■ Assignment: Repeat all of the data word for word so that only the pictures are missing from the copy.

** Opening Data provided block **

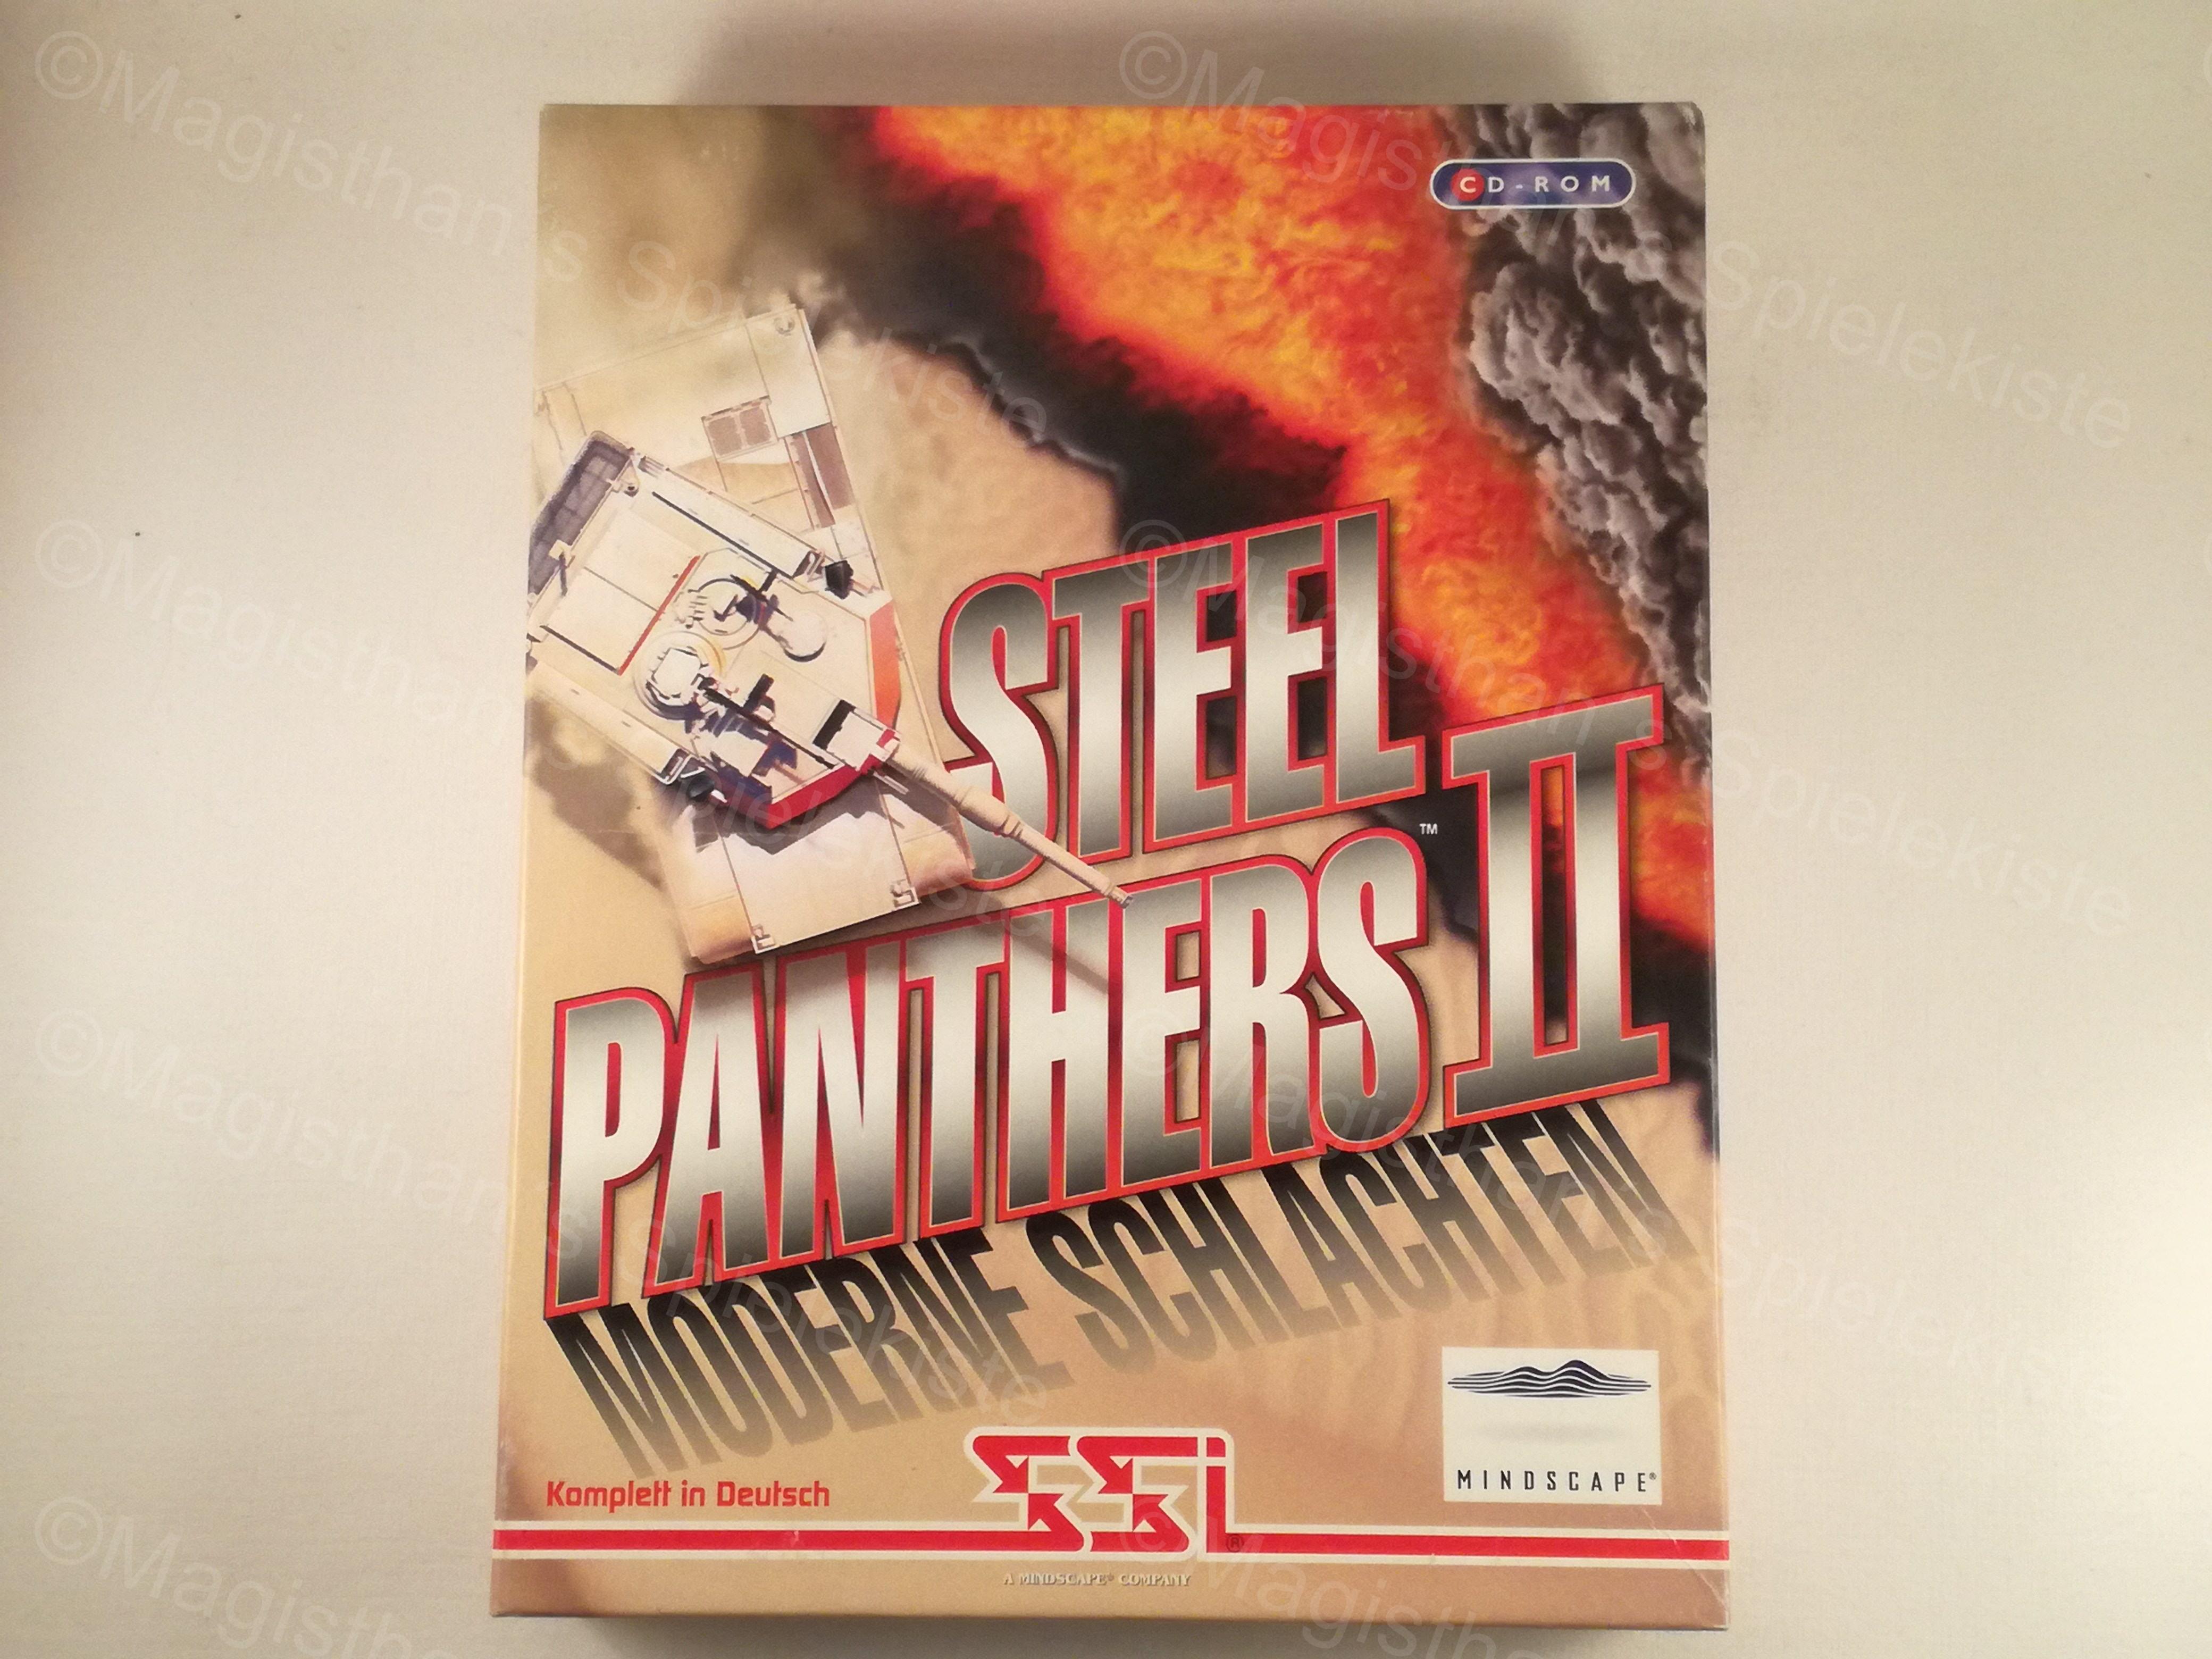 SteelPanthers21.jpg
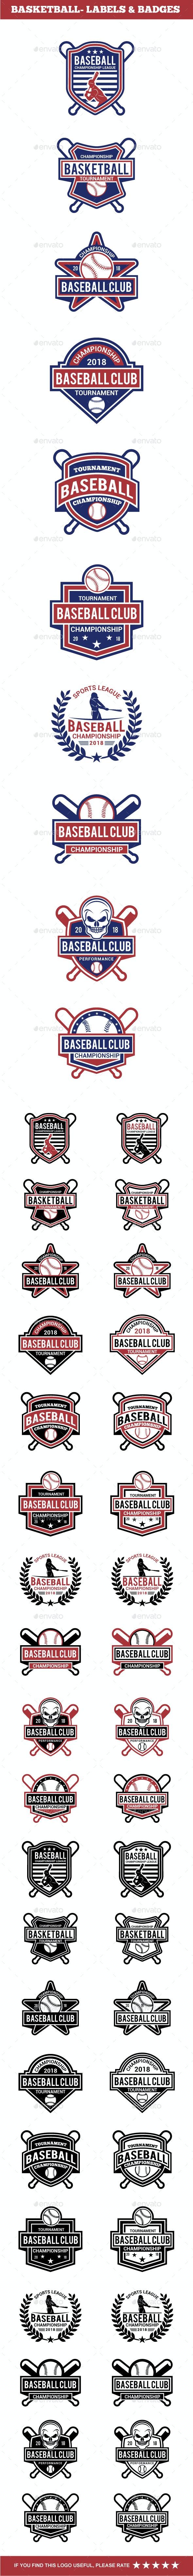 Baseball Badge & Stickers 4
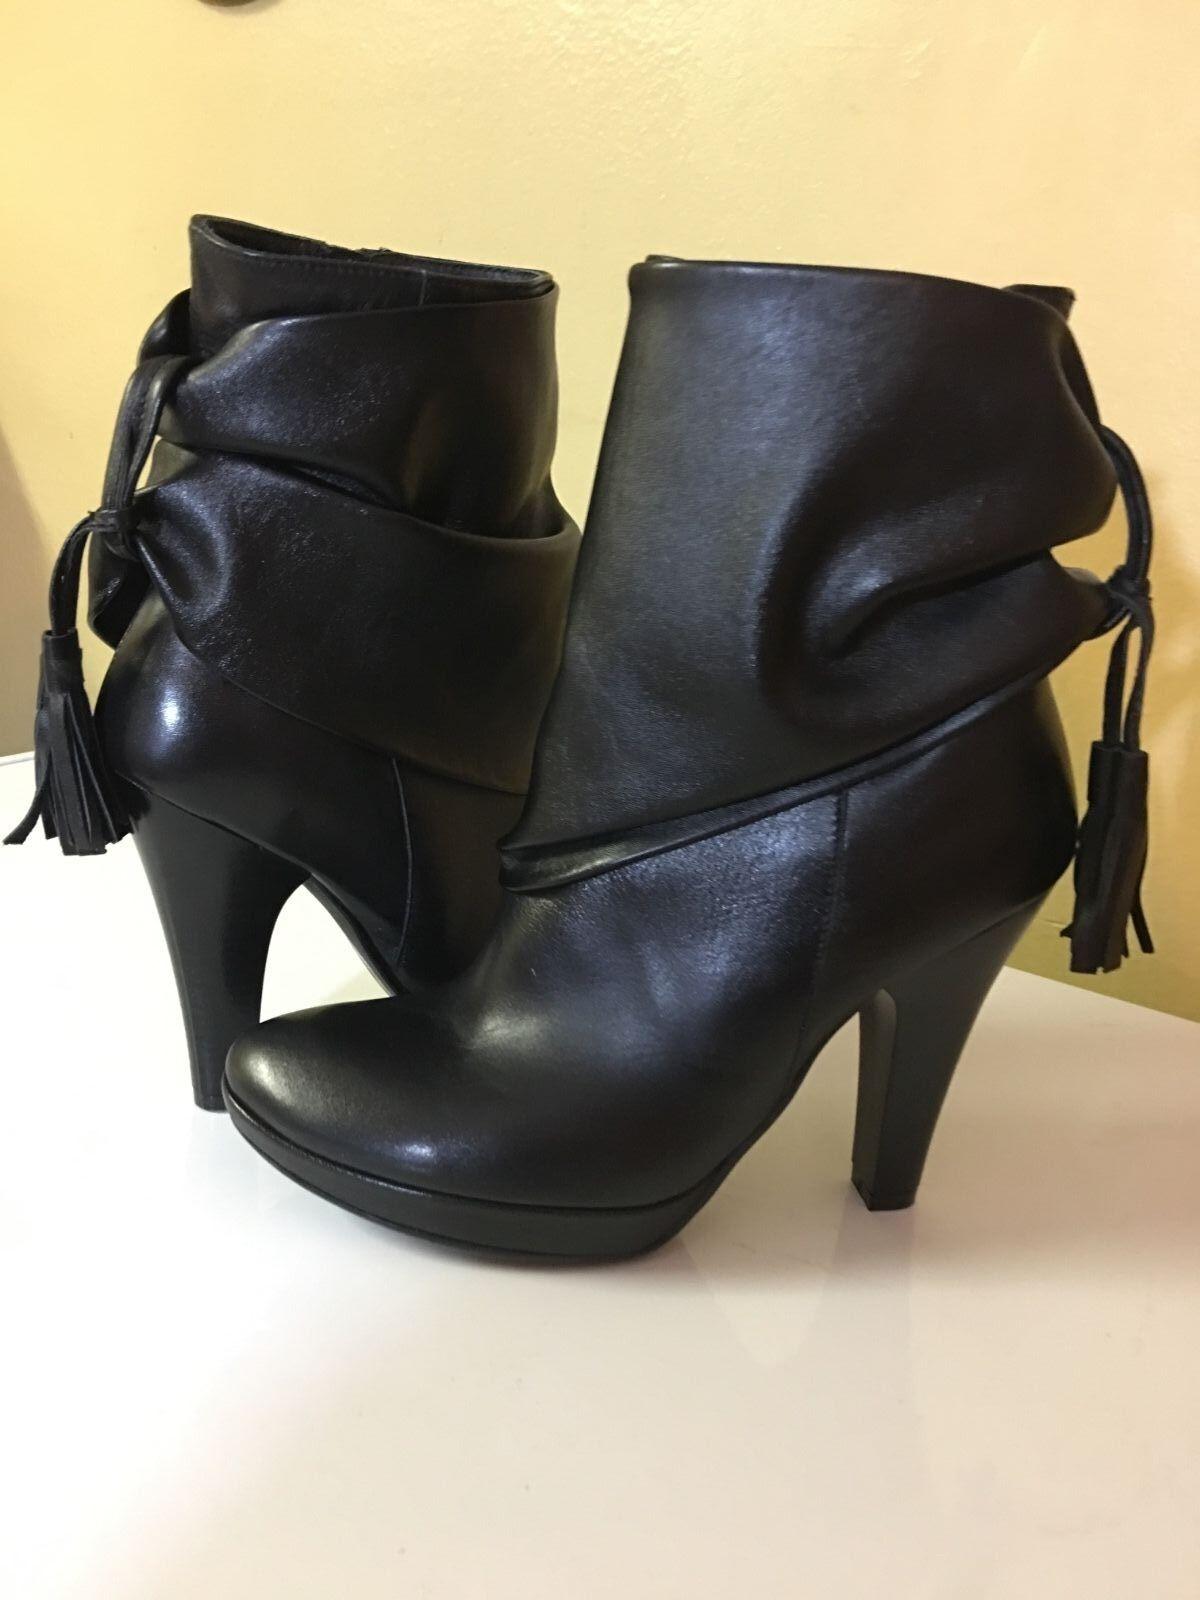 QUAZI WOMEN'S WOMEN'S WOMEN'S BLACK BOOTS SZ EU 37 US 6.5 6f2382

** Closing Data provided block **

■ Result:
 SteelPanthers21.jpg
 Baseball Badge & Stickers 4
 QUAZI WOMEN'S WOMEN'S WOMEN'S BLACK BOOTS SZ EU 37 US 6.5 6f2382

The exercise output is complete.